De Monarchia By Dante Alighieri Book II: Chapter VIII: The Decree of God Showed That Empire Belonged To The Roman People.

BOUTS, Dieric the Elder 
c. 1445

And it came to pass, that in those days there went out a decree from Caesar Augustus, that the whole world should be enrolled. This enrolling was first made by Cyrinus, the governor of Syria. And all went to be enrolled, every one into his own city. And Joseph also went up from Galilee, out of the city of Nazareth into Judea, to the city of David, which is called Bethlehem: because he was of the house and family of David, To be enrolled with Mary his espoused wife, who was with child. And it came to pass, that when they were there, her days were accomplished, that she should be delivered. And she brought forth her firstborn son, and wrapped him up in swaddling clothes, and laid him in a manger; because there was no room for them in the inn. Lk


The decree of God showed that Empire belonged to the Roman people.

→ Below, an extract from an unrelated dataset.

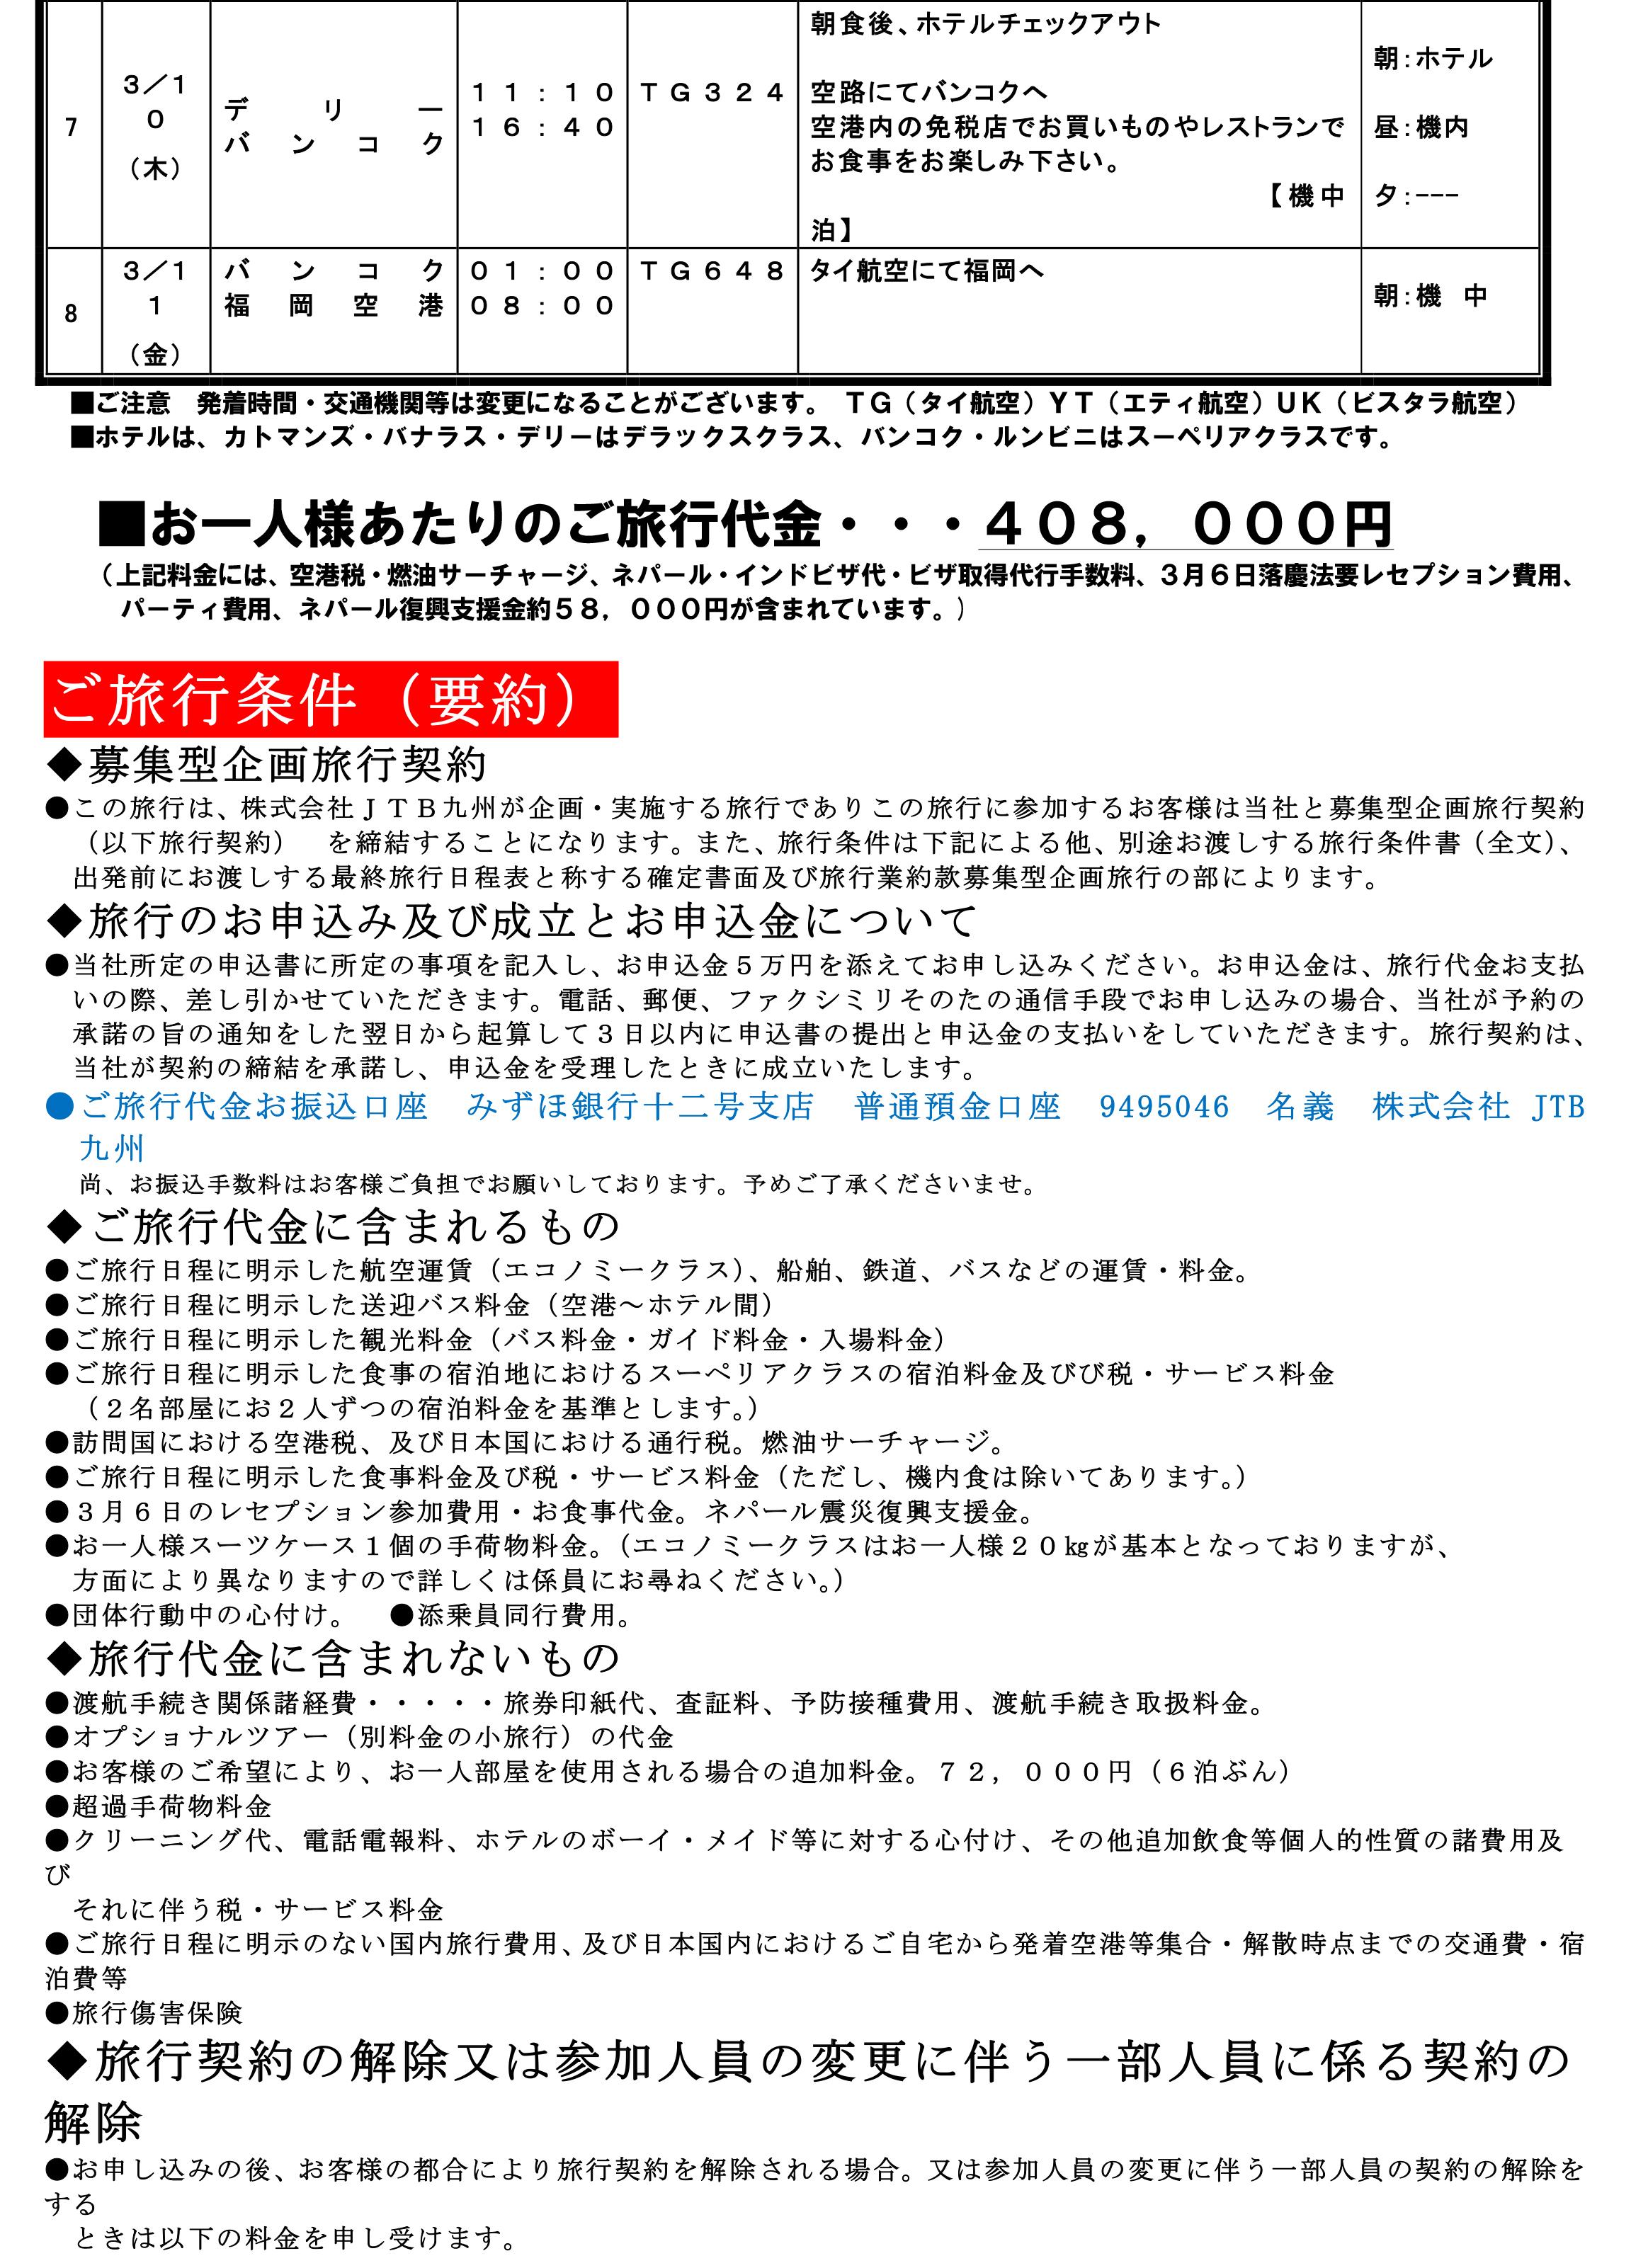 Microsoft Word - カトマンズ本願寺募集チラシ最終.d

1. For hunting down adequately the truth of our inquiry, it is essential to know that Divine judgment in human affairs is sometimes manifest to men, and sometimes hidden. And it may be manifested in two ways, namely, by reason and by faith.1 To certain of the judgments of God human reason can climb on its own feet, as to this one, that a man should endanger himself for his country’s safety. For if a part should endanger itself for the safety of the whole, man, being a part of the state according to the Philosopher in his Politics, ought to endanger himself for the sake of his fatherland, as a less good for a better.2 Hence the Philosopher to Nicomachus: “To act in behalf of one alone is admirable; but it is better and more nearly divine to act in behalf of nation and state.”3 And this is the judgment of God; in any other case human reason in its rectitude would not follow the intention of nature, which is impossible.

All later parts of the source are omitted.